First, regarding the forecast for the next day only, Table A2 shows the general superiority of the univariate case over the use of sentiment analysis. As for the boxplots and CD-diagrams, the top-ten combinations of sentiment time series for each metric presented are ranked with the same performance dominance of the univariate scenario (note that in boxplots, the top-down layout is sorted by median). One can also observe the statistical dependencies that emerged from the examination of each pair of cases. These dependencies can be further analyzed by comparing Table A2 with the representations in Figure 3. For example, it was observed that the statistical dependence of the univariate case with that of the additional use of TextBlob shown in Figure 3 followed the ranking of the two versions extracted from the results in the Friedman tables. Figure 4 shows the performance distributions for each sentiment setup, i.e., all the values that resulted from applying a given setting to each dataset for each algorithm. Here, the apparent similarity of the performances of the methods is, on the one hand, a matter of the scale of the representation, while on the other, it reflects a possible uniformity. From all three different representations of the results, there was a predominance of the univariate version followed by the use of TextBlob and FinBERT.

Figure 3

Sentiment setups’ CD-diagrams: single-day prediction.

Figure 4

Sentiment setups’ boxplots: single-day prediction.

4.1.2. One-Week Prediction

However, in the case of weekly forecasts, one can observe, from Table A3 and Figure 5 and Figure 6, that things do not remain the same. There was a noticeable decline in the performance ranking of the univariate setup, with the simultaneous improvement of configurations that utilize sentiment scores.

Figure 5

Sentiment setups’ CD-diagrams: one-week prediction.

Figure 6

Sentiment setups’ boxplots: one-week prediction.

In particular, in four of the measurements used, FinBERT seemed to be superior, while in the other two, the combination of FinBERT with TextBlob lied in the first place of the ranking. Apart from that, Vader, Blob, and the combination of Vader and FinBERT seemed to perform almost equal to the above, as the differences in their corresponding rankings were minimal. In addition, regarding the use of rolling means, there seemed to be no particular improvement under the current framework except—in rare cases—when applied in combination with the use of a raw sentiment score. The only one of the representations of the results where the univariate configuration is presented in high positions is via boxplots, where the sorting of the layout is only based on the median of the values. In terms of Friedman scores, at best, it ranked sixth.

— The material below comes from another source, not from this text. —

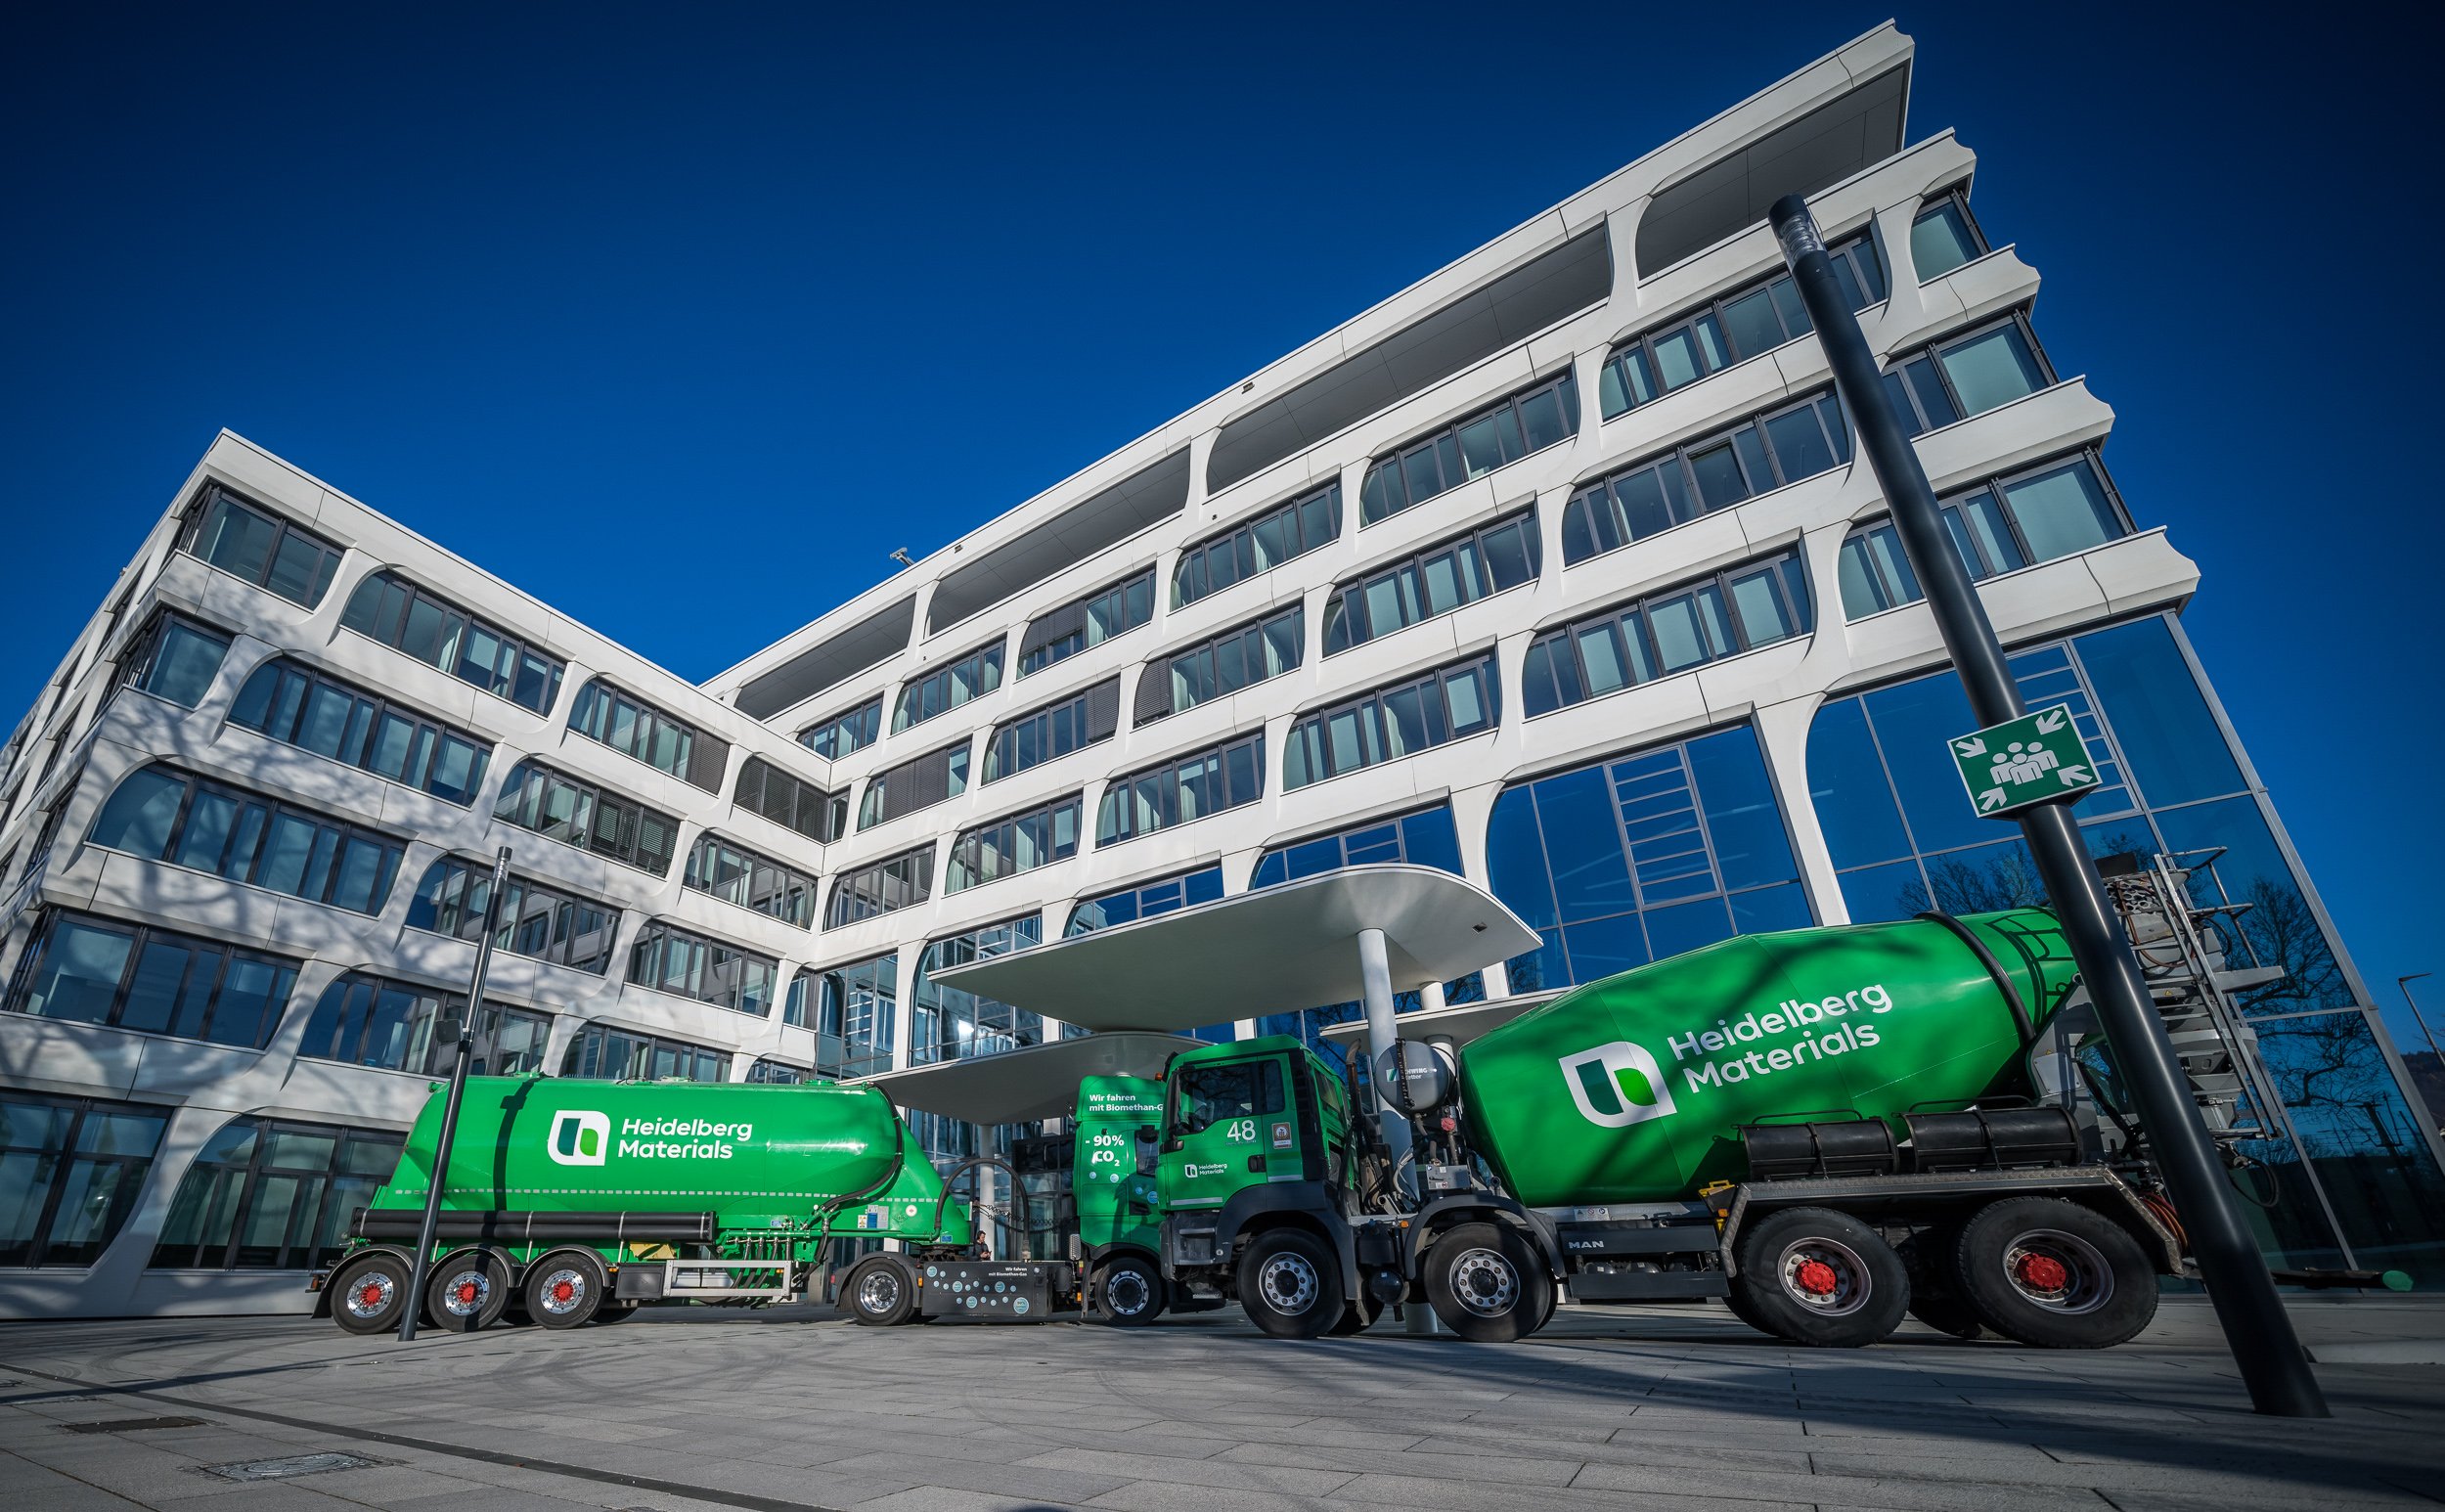 Modern office building, with ready-mix trucks labelled Heidelberg Materials in front of it

4.1.3. Two-Week Prediction

Results from the fourteen-day forecasts exhibited similar behavior as in the seven-day prediction case, except for the performance of the averaging schemes, some of which tended to move up to higher positions. Indeed, here, again, Friedman’s ranking in all evaluations seemed to suggest that the use of information extracted from social networks is beneficial under the current forecasting framework. In addition, there was an apparent improvement in schemes exploiting rolling means. This becomes easily noticeable in both Figure 7 and Figure 8, showing the CD-diagrams and boxplots, respectively, and in Table A4. One can observe the configuration of TextBlob that incorporates the weekly rolling mean to be in the first place of the Friedman ranking in terms of three valuations, that is in terms of the RMSE, MAE, and MAPE metrics. Thus, apart from the conclusions that can be drawn from the study of the representations of the results and that constitute evaluations similar in form to those of the above cases, something new seemed to emerge here: there was a gradual increase in the performance of the combinations that use weighted information. Moreover, this increase in performance seemed to be related to the long forecast period.

Figure 7

Sentiment setups’ CD-diagrams: two-week prediction.

Figure 8

Sentiment setups’ boxplots: two-week prediction.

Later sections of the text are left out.